Oh those outings! What fun!

One time I organized a similar outing for the whole family in 99, to the Vandalur zoo. I hired a van, and this rickety dreadful minibus contraption came: I was sure the door was going to fly open and that there would be a terrible accident, but there wasn't. We all went, the whole entire family. And Master. We walked and walked and walked. My legs were killing me, but Master wasn't the least bit tired. I kept telling him to stop and admire the animals, but he kept going right past.


And the first trip to Pandanallur.

Also in 99, around Pongal time I think. Everyone went from Purasawalkam to his house in the village. We all got in the train and got out in the morning and we drove past little huts and fields and ponds with lotuses right to his house. In the back, behind the kitchen, there was this area for bathing. They filled these big vessels with hot water for my bath and closed the kitchen door and I went out in my towel with my little bag containing my shampoo and my conditioner and began to bathe. The fences are not particularly tight and from somewhere nearby a stray dog, a rooster, and a large pig wandered into the compound and the dog settled down and the rooster as well as though this were a performance and they were the audience! I felt so odd. But I began bathing and lathering up. The pig, (it was so large!) slowly and aimlessly wandered around the garden until it was very close to my shampoo bottle. I couldn't find my glasses, but when I put them on looked, the pig was sniffing at my little bottle of shampoo. I yelled and shouted at the top of my voice to chase that pig away but it just grunted and ignored me. Some of the boys and men came out of the house to see what was the matter and I told them "the pig! the pig!" but they looked very amused so I realized I was making a fool of myself and stopped.

Antharangamai Thane

My favourite varnam is Adimogam, and the line I sing the best in there is "antha rangamai". All my singing learnt only from Master of course, no one else. I went back one year with the "adimogam" he sang for Prema and recorded it into multiple copies. I put a player in the kitchen, one in the living room, one in the bed, one in the bath, one in the car and had it on 24 by 7 for like six months: at very low volumes. But it was always on. Some of the tapes burnt out and I threw them out. I figured this would be replicating as much as possible the actual environment, where even if they weren't learning, it was always going on in the house so you either heard it or saw it even when you weren't paying attention, so you were always learning even when you weren't consciously learning.

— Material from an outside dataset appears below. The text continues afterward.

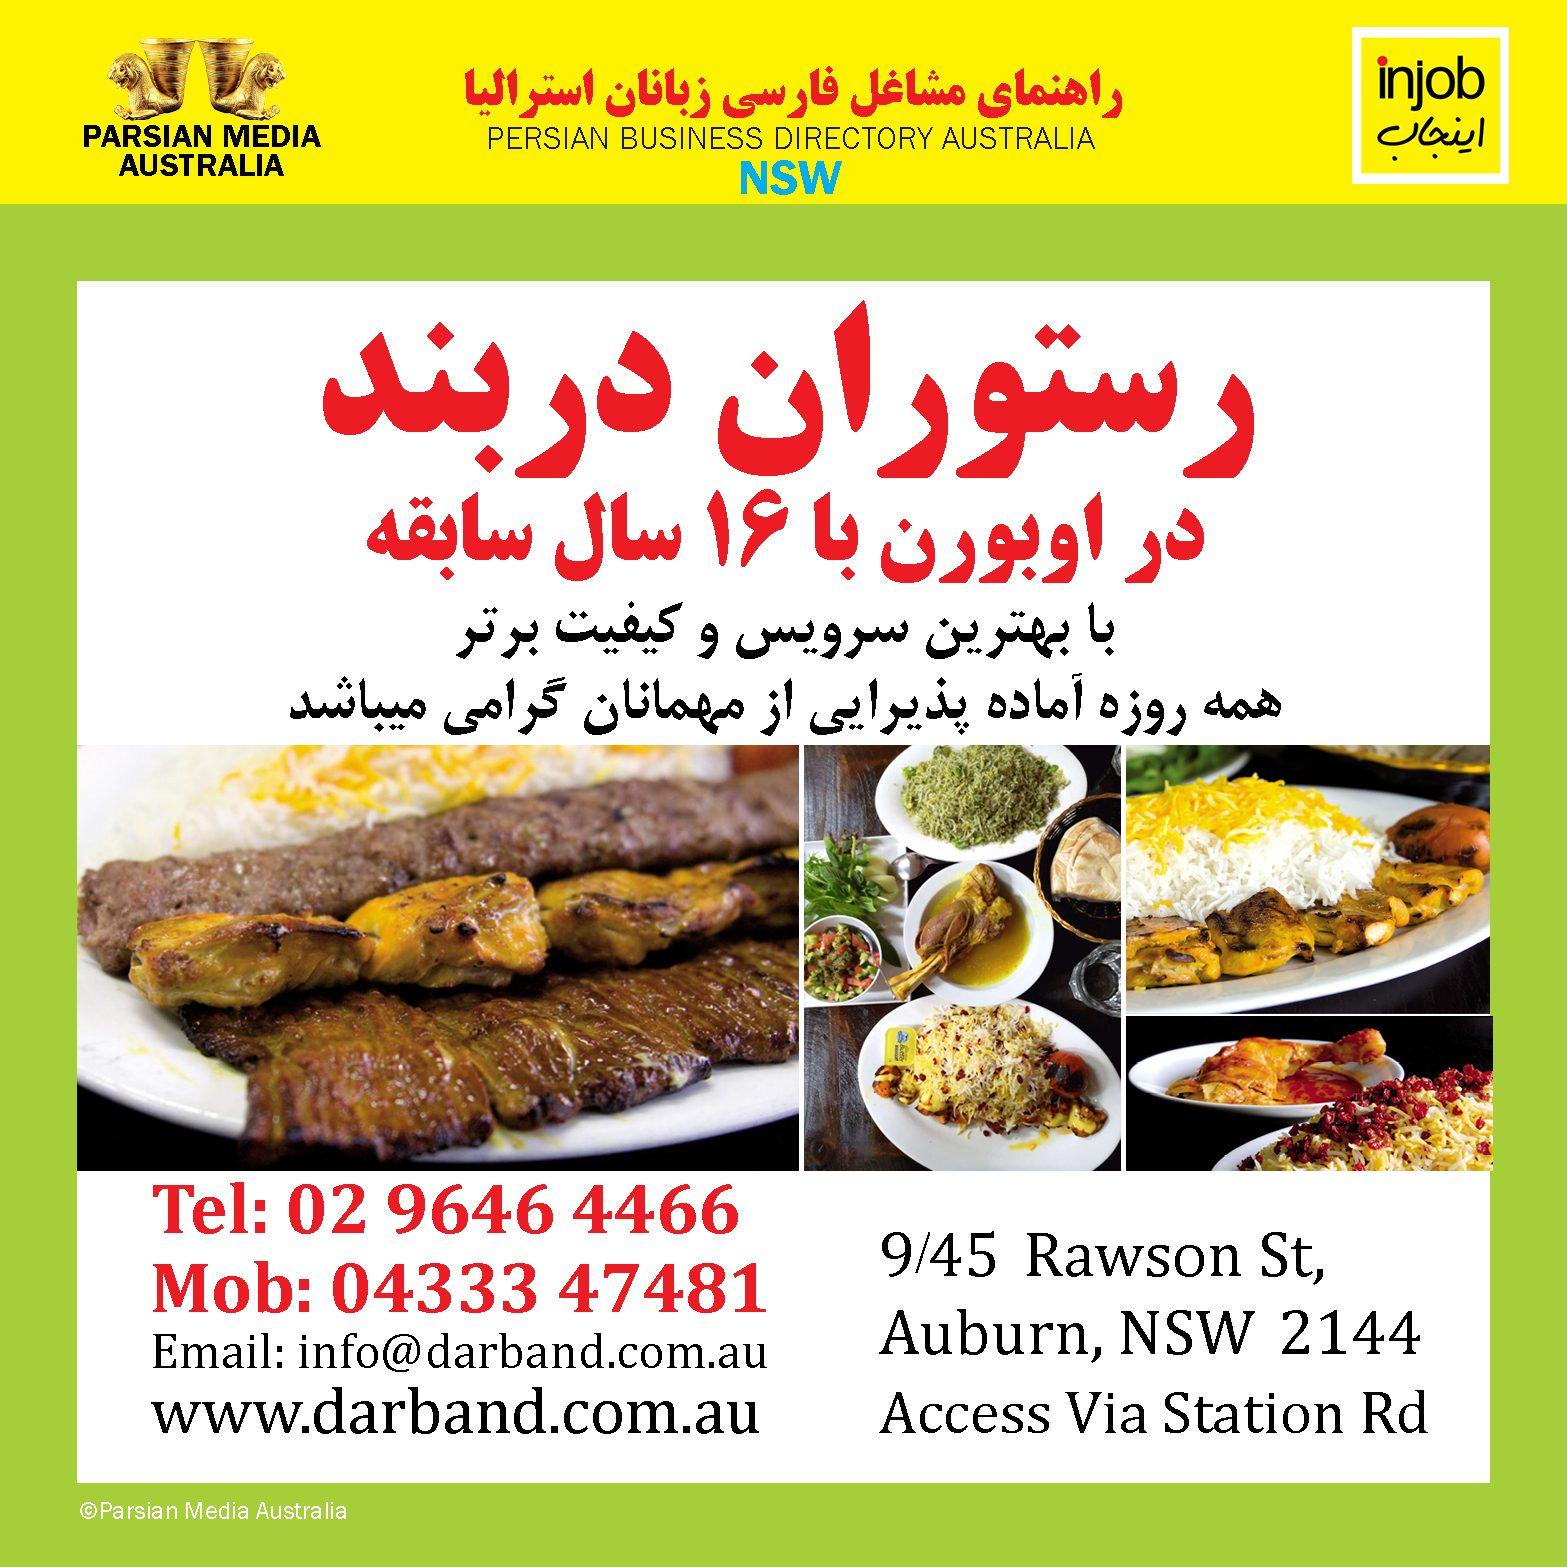 Farsi-Restaurant-Injob-2021-2022-icon.jpg

And it worked. I came and the song just flew off like it was meant to be. Master was overjoyed and thrilled and he began teaching me all these runs (I call them) and trills. Since I had it down, I wasn't bothered about setting up recordings during those lessons and I would just coast along trying whatever he was trying. I knew it so well that I could catch and repeat every little twist and turn that he did. It was like playing ball. On the terrace, in the afternoons, we would just go up and down "adimogam" as the light kept changing color from one to the other to the next until finally it was dark. They were building some kind of addition to the flat next door and those construction workers would be finishing up at the end of their day of hard physical labour just as we would start singing. They would lean against the edge of the wall next door and listen for a little while before going away.

And if there is a heaven, if there is some kind of spiritual or immortal life after death, then this is what I want repeated: Master and me, meeting on a terrace just like the one in his house for one more singing lesson, on an afternoon when there are pleasant breezes blowing, to sing together for a few hours until sunset.